The bargaining chip
Published: Wednesday, January 7, 2004 at 6:01 a.m.
Last Modified: Tuesday, January 6, 2004 at 9:54 p.m.
UF's new president, Bernie Machen, will have to learn quickly in order to settle the collective bargaining dispute with the faculty.
Judging from the hottest topic of conversations around here lately, one might think that the toughest and most urgent problem facing Bernie Machen, the University of Florida's brand new president, is the state of the football program.
But of course, football is just show business. In truth, Machen's got a lot more to worry about out here in the real world.
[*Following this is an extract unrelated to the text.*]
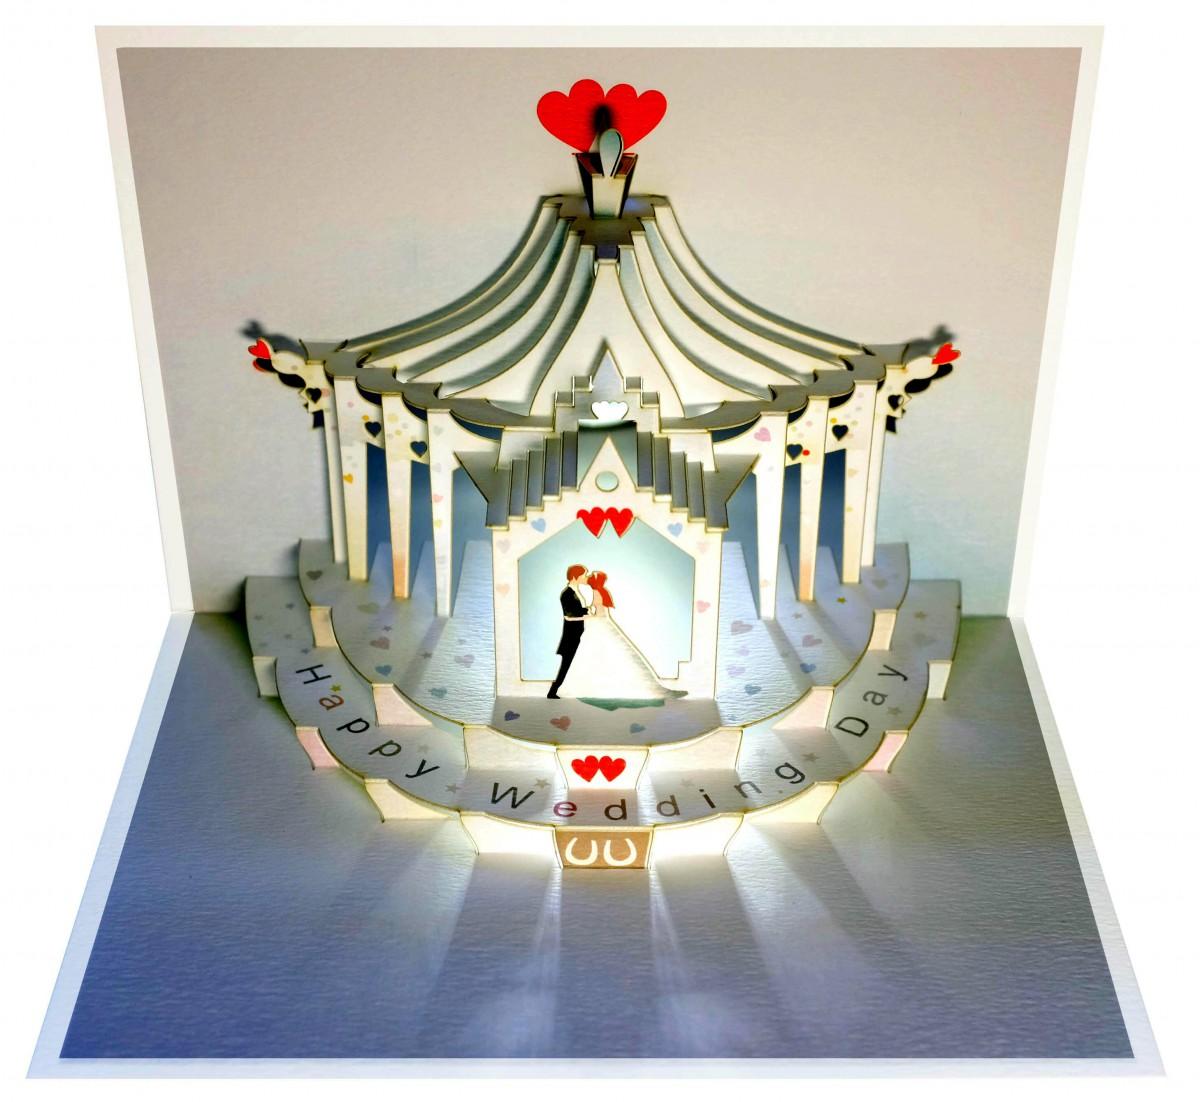 pop up 3d karte hochzeit grusskarte geburtstag gutschein pavillon hochzeitstag 16x11cm 509008. Black Bedroom Furniture Sets. Home Design Ideas

Start with a governor and Legislature that, in this election year, is likely to try to score points by cutting even deeper into the state budget and by playing up to ideologues who would like to send university professors to prison for doing stem cell research.
In short, 2004 will truly be the "Year of living dangerously," for Machen.
Coming into Florida cold, he has to learn the political, fiscal and educational landscape in a hurry. He's going to have to figure out how to keep UF thriving in a political milieu that favors the newer, more urban institutions.
He's going to have to decide whether UF should push for higher tuition to make up for falling state revenues, and if UF can, or should, say "no more" to lawmakers who expect the university to educate ever larger numbers of students for less and less per-student funding.
Oh yes, and football season is only about seven months away.
On top of all that, there are new town-gown relations to be established, influential alums to be stroked, private money to be raised and faculty and staff to win over.
In regard to that last item of business, Machen's successor, Charles Young, did the new president no favors by refusing to resolve the issue of collective bargaining. Of all the state universities, UF is the only one that has yet to recognize a bargaining unit. Indeed, it seemed that when Young was willing to talk to union officials at all, he did so at the top of his voice.
Some institutions have simply accepted the old bargaining unit, the United Faculty of Florida, as the new unit. Some required the union to get signed cards from at least two-thirds of the eligible faculty. A couple of other universities required a new election to be held.
Young and UF's trustees did none of those things. Thus, the issue is still hanging. And until it is resolved, Machen's relationship with his faculty is likely to be somewhat shaky.
Traditionally, Tigert Hall's attitude toward the faculty union has ranged from indifferent to hostile. But, under the previous governance system, it didn't matter all that much because the old Board of Regents, in Tallahassee, was responsible for collective bargaining. Now that responsibility has been devolved to the university level, and the question of who will bargain and under what circumstances must be settled locally.
It's clear that the administration would rather engage in "shared governance" with a strong faculty senate than engage in formalized bargaining with an authorized union. It's been argued that most of the great national universities that UF seeks to emulate do not have unions. And, indeed, collegiality seems much preferable to the structured, formalized adversity that is collective bargaining.
But ultimately, that should be up to the faculty to decide. And if the results of elections at two other universities are any indication, Machen is going to have to deal with UFF sooner or later. Faculty at Florida State voted 96 percent for the union, and those at West Florida favored bargaining by 91 percent.
It's too bad that Machen has to inherit this piece of unfinished business. But the sooner it is resolved the better. In trying to sway faculty opinion, Machen and other administrators can and should make spirited arguments against collective bargaining and in favor of shared governance. But if the faculty decide to stay with UFF, Tigert Hall should embrace that decision and resolve to work with the union in good faith.
Young did Machen no favors by leaving him the collective bargaining chip to play in his first weeks and months as president. But if this contentious issue is allowed to fester for much longer, Machen is likely to experience a very short honeymoon period indeed with one of his most important constituencies - his faculty.